Azure AD Conditional Access policies are the appropriate tool for this requirement. They function as if-then statements, evaluating signals from users, devices, and locations to enforce organizational access rules. A Conditional Access policy can be configured to use "device compliance" as a condition for granting access. In this scenario, a policy would grant access to the Azure AD-integrated applications only if the user's device is marked as compliant by a management solution like Microsoft Intune, which can verify that the latest security patches are installed.

A. Azure Bastion: This service provides secure RDP and SSH connectivity to Azure virtual machines directly through the Azure portal, not for controlling access to applications based on device health.

C. Azure Policy: This service enforces rules and standards for Azure resources to ensure they remain compliant with corporate standards, but it does not manage user access to applications.

D. Azure Firewall: This is a network security service that protects Azure Virtual Network resources by filtering network traffic; it does not evaluate the compliance state of endpoint devices.

1. Microsoft Learn, "What is Conditional Access in Azure Active Directory?"

Section: Common signals

Content: "Device compliance - Users with devices marked as compliant with a specific policy can be differentiated from users with noncompliant devices." This document establishes that device compliance is a primary signal used by Conditional Access.

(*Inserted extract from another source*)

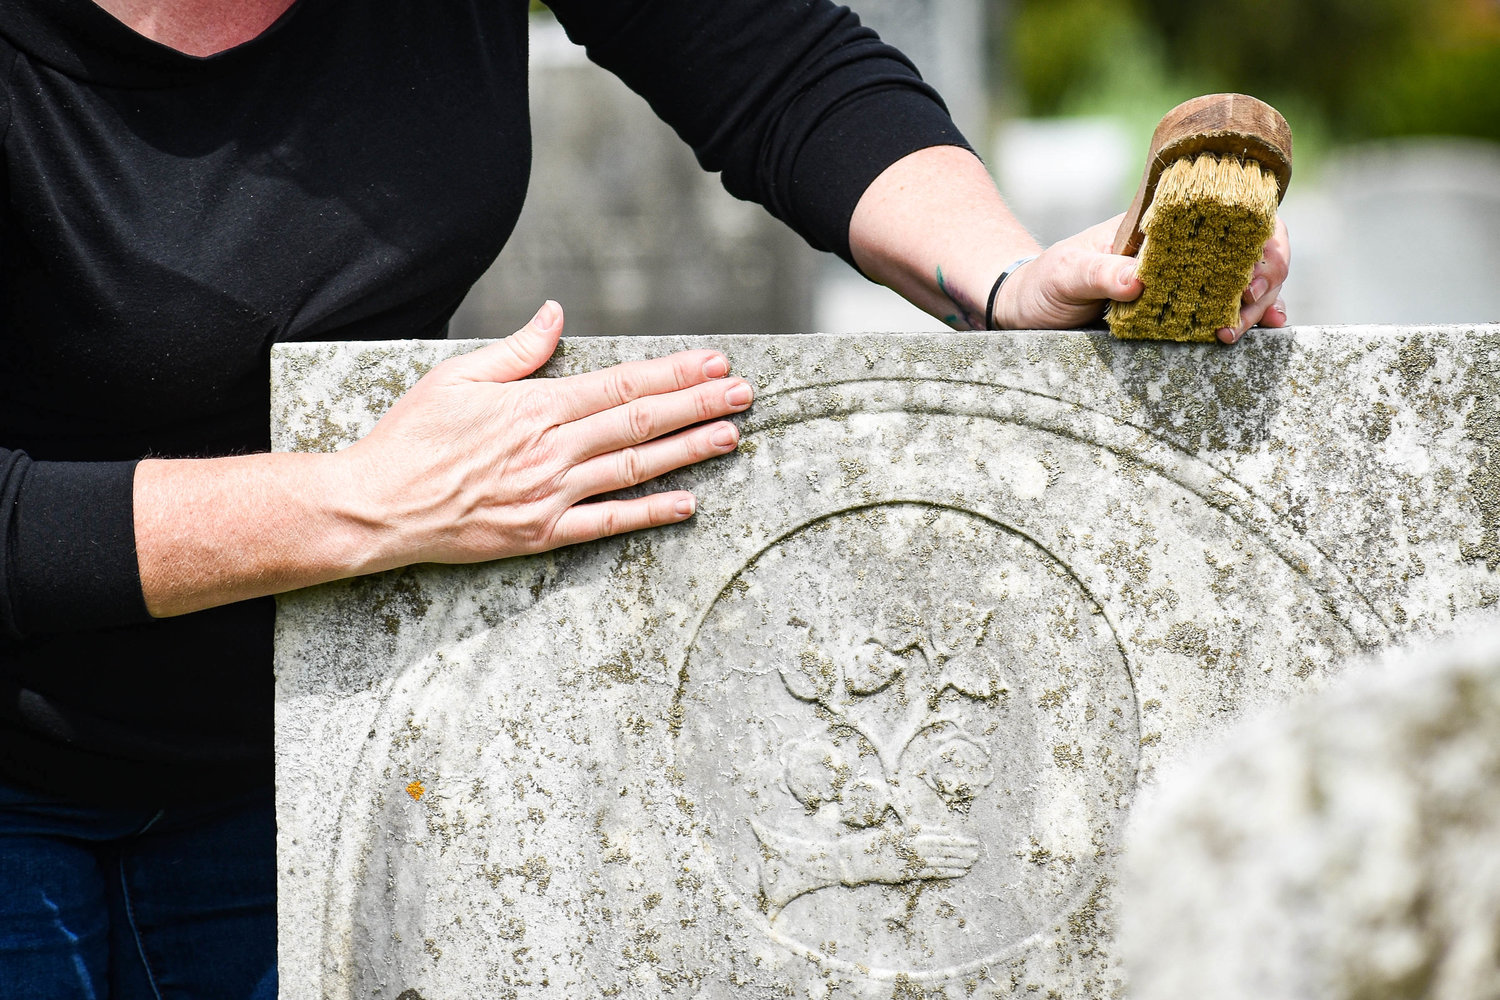 Megan Barnes inspects a gravestone that has not yet been cleaned at Madison Village Cemetery. The local earth science teacher has gained over 350k followers on TikTok by posting videos of her cleaning gravestones and sharing the stories of the deceased.

2. Microsoft Learn, "Conditional Access: Grant"

Section: Require device to be marked as compliant

Content: "This control requires that the device the user is signing in from is marked as compliant by a mobile device management (MDM) solution like Microsoft Intune... If a device isn't registered with an MDM solution, access is blocked." This directly confirms that requiring a compliant device is a grant control within Conditional Access.

3. Microsoft Learn, "Use compliance policies to set rules for devices you manage with Intune"

Section: How Intune device compliance policies work

Content: This document explains how Microsoft Intune evaluates device settings, such as OS version and security patch levels, to determine if a device is compliant. This compliance status is then reported to Azure AD for use in Conditional Access policies.